▶ _Data extract_
+--
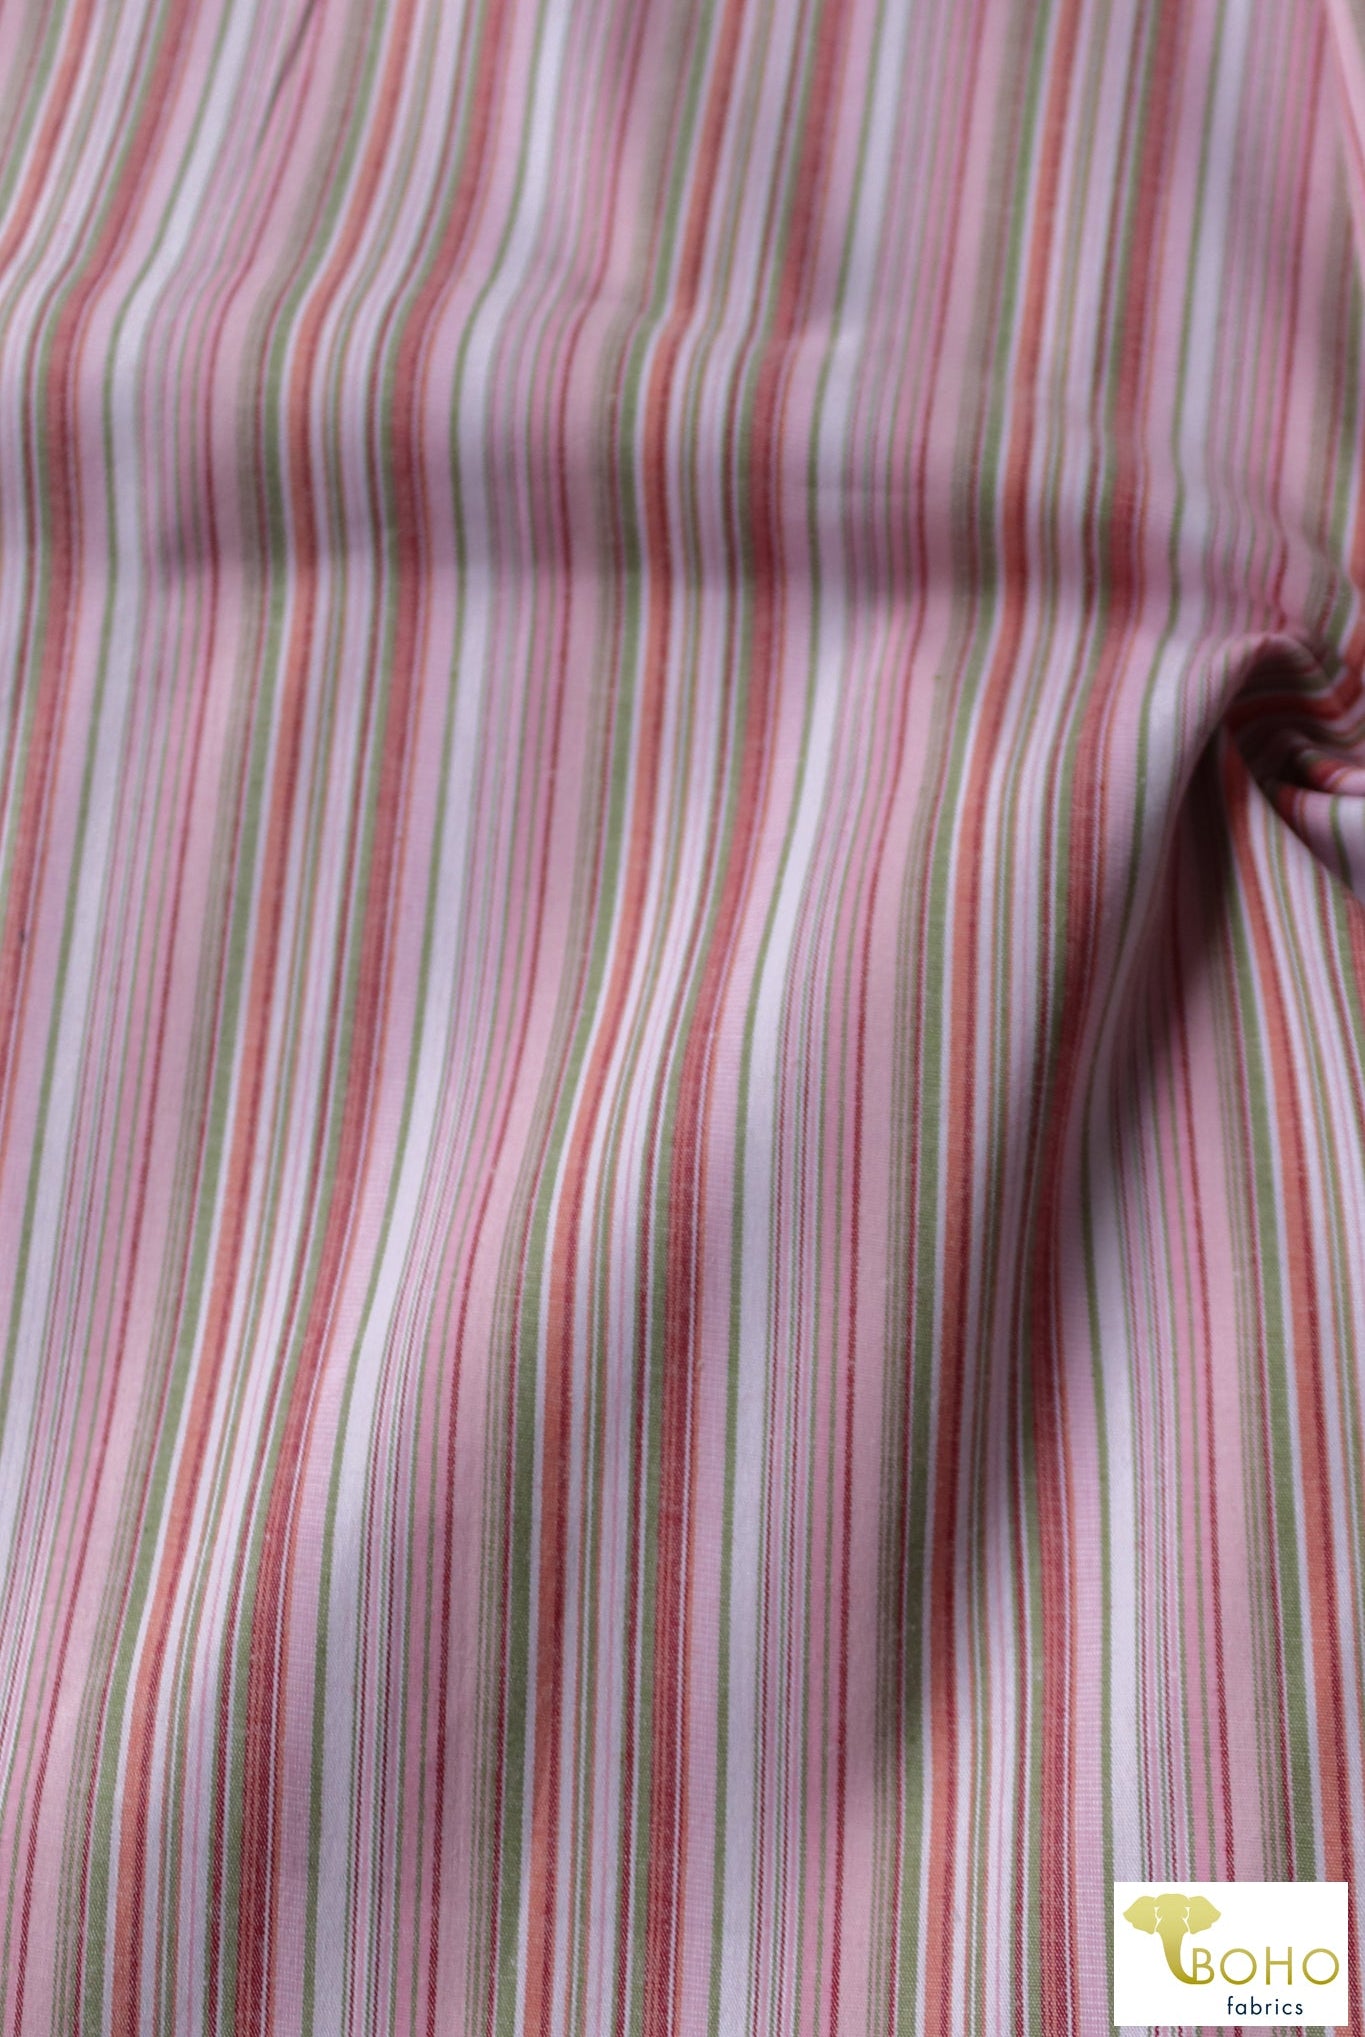 Strawberry Shortcake Stripes, Cotton Woven Fabric. - Boho Fabrics
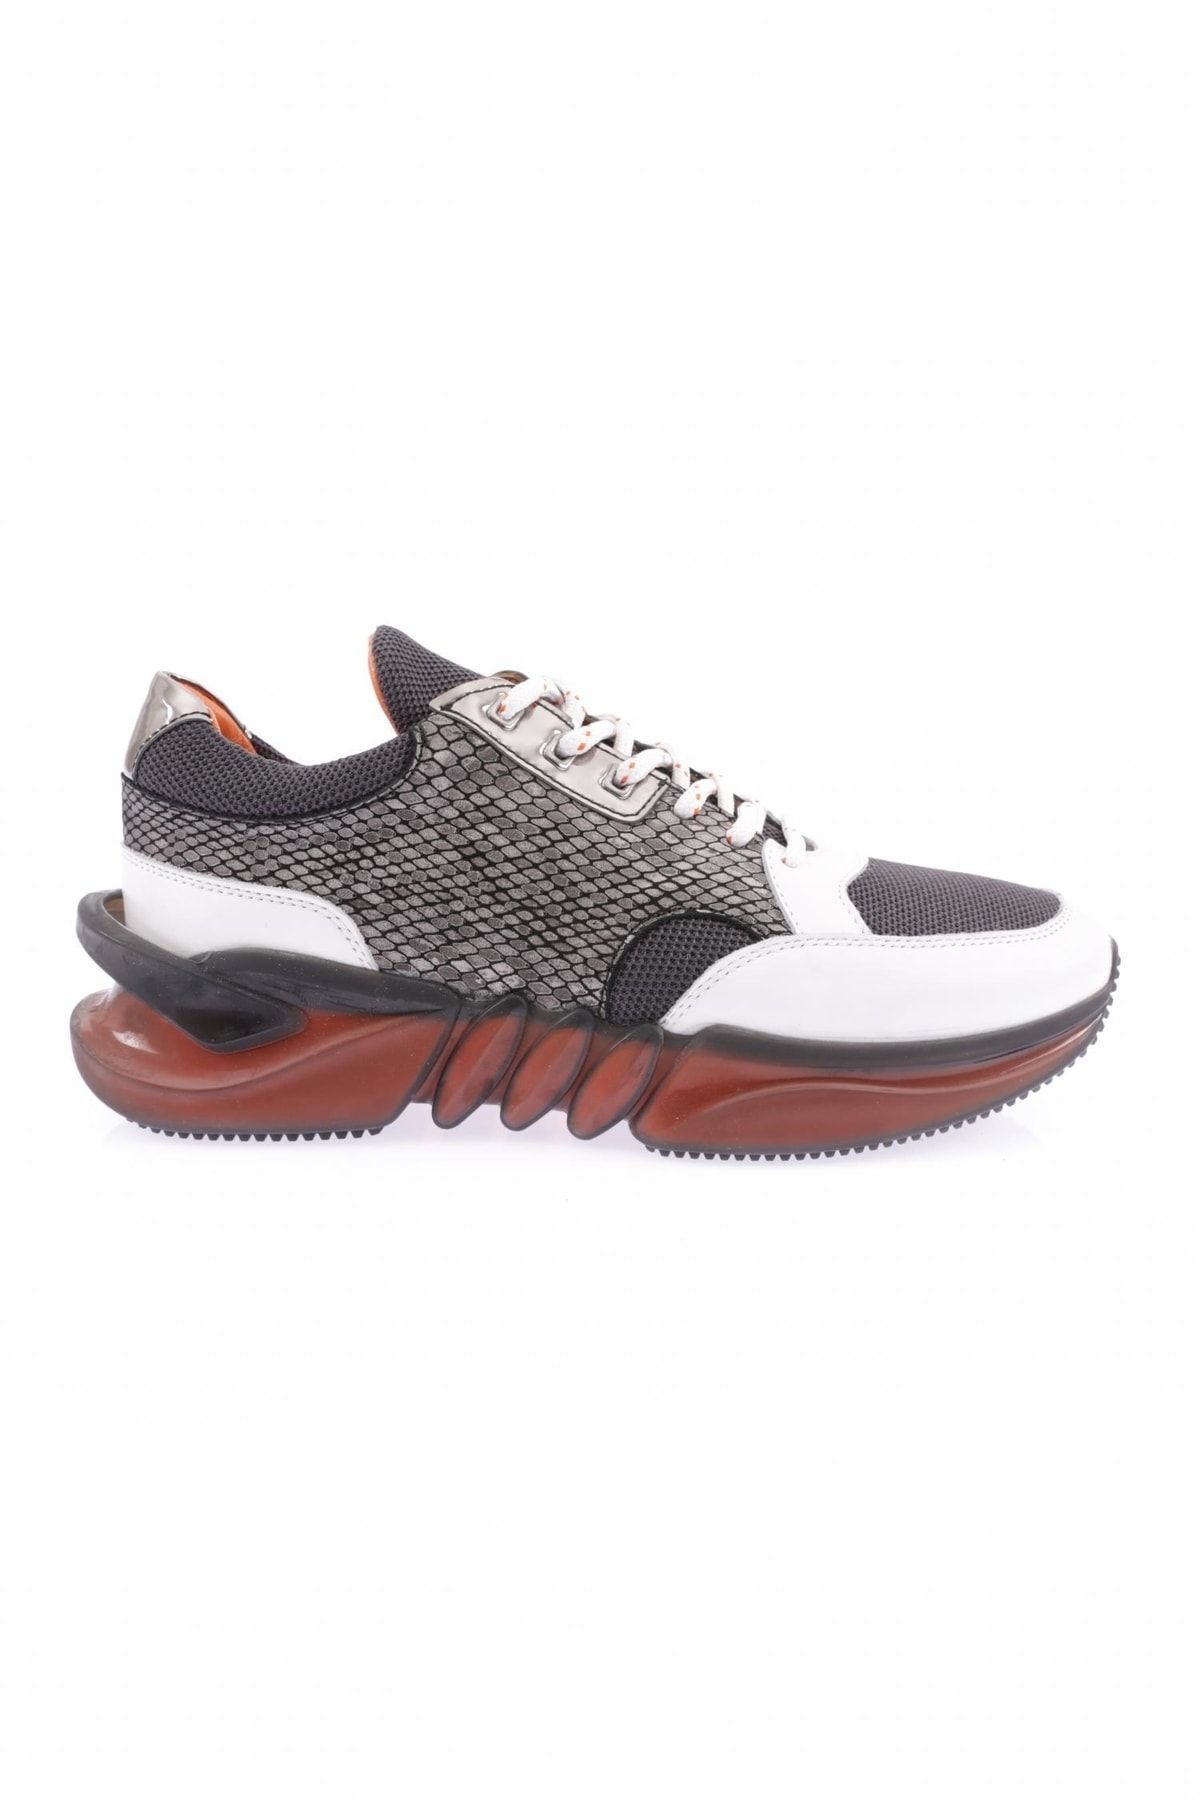 Pierre Cardin Beyaz - Dgn 22y-alfa703 Erkek Sneakers Ayakkabı
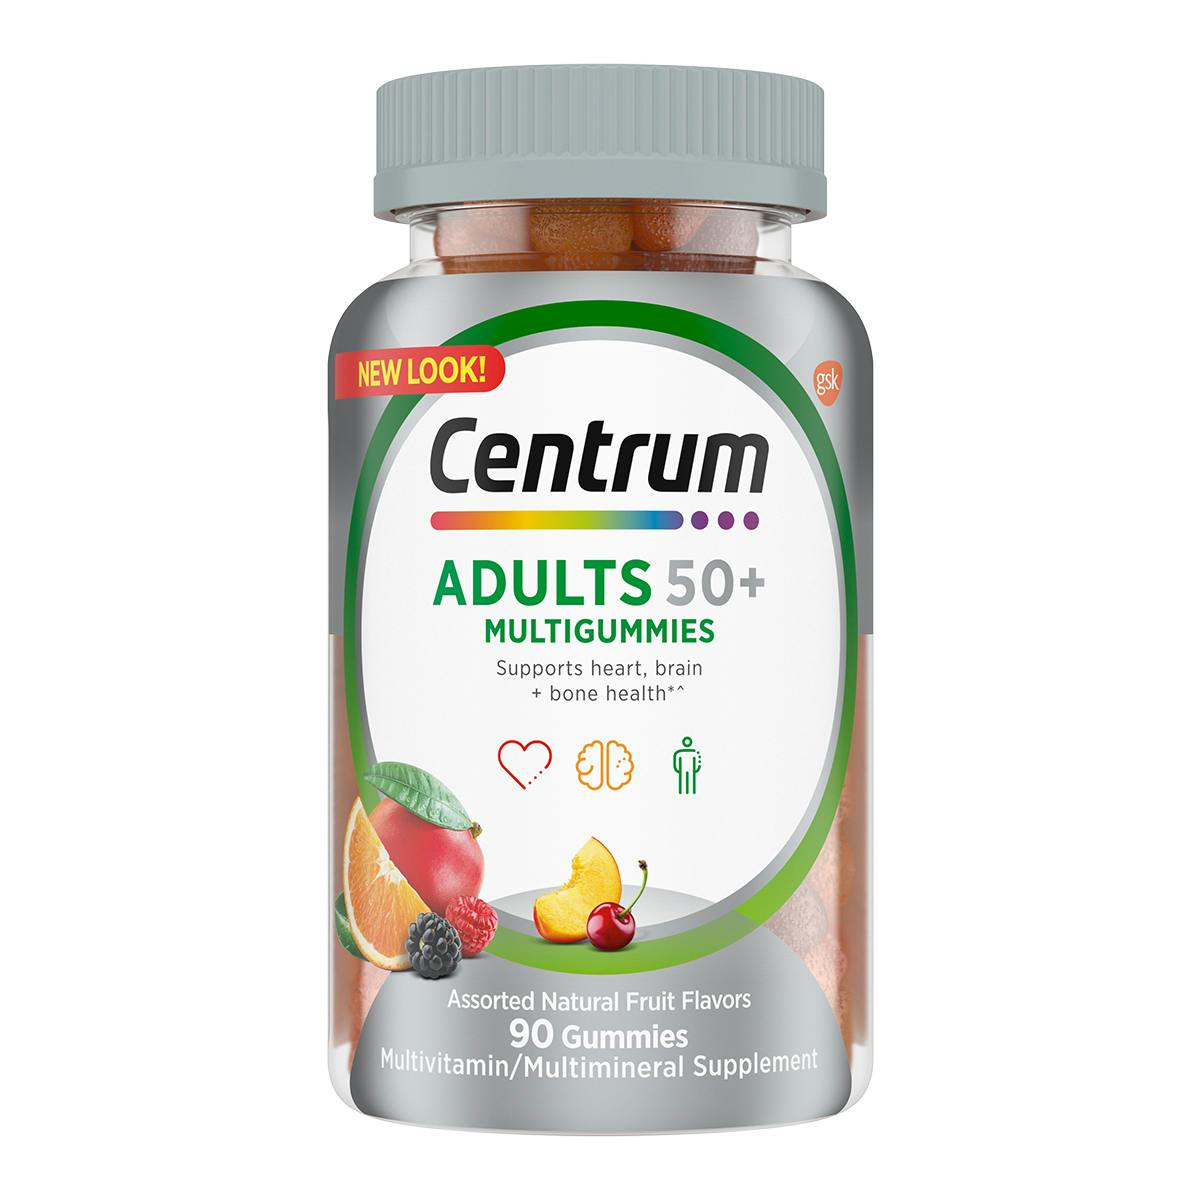 Bottle of Centrum Multigummies Adults 50plus
+--
▶ _Task instructions_
Wherever a picture appears, omit it; copy the rest of the data exactly.

▶ _Expected answer_
 Strawberry Shortcake Stripes, Cotton Woven Fabric. - Boho Fabrics
 Pierre Cardin Beyaz - Dgn 22y-alfa703 Erkek Sneakers Ayakkabı
 Bottle of Centrum Multigummies Adults 50plus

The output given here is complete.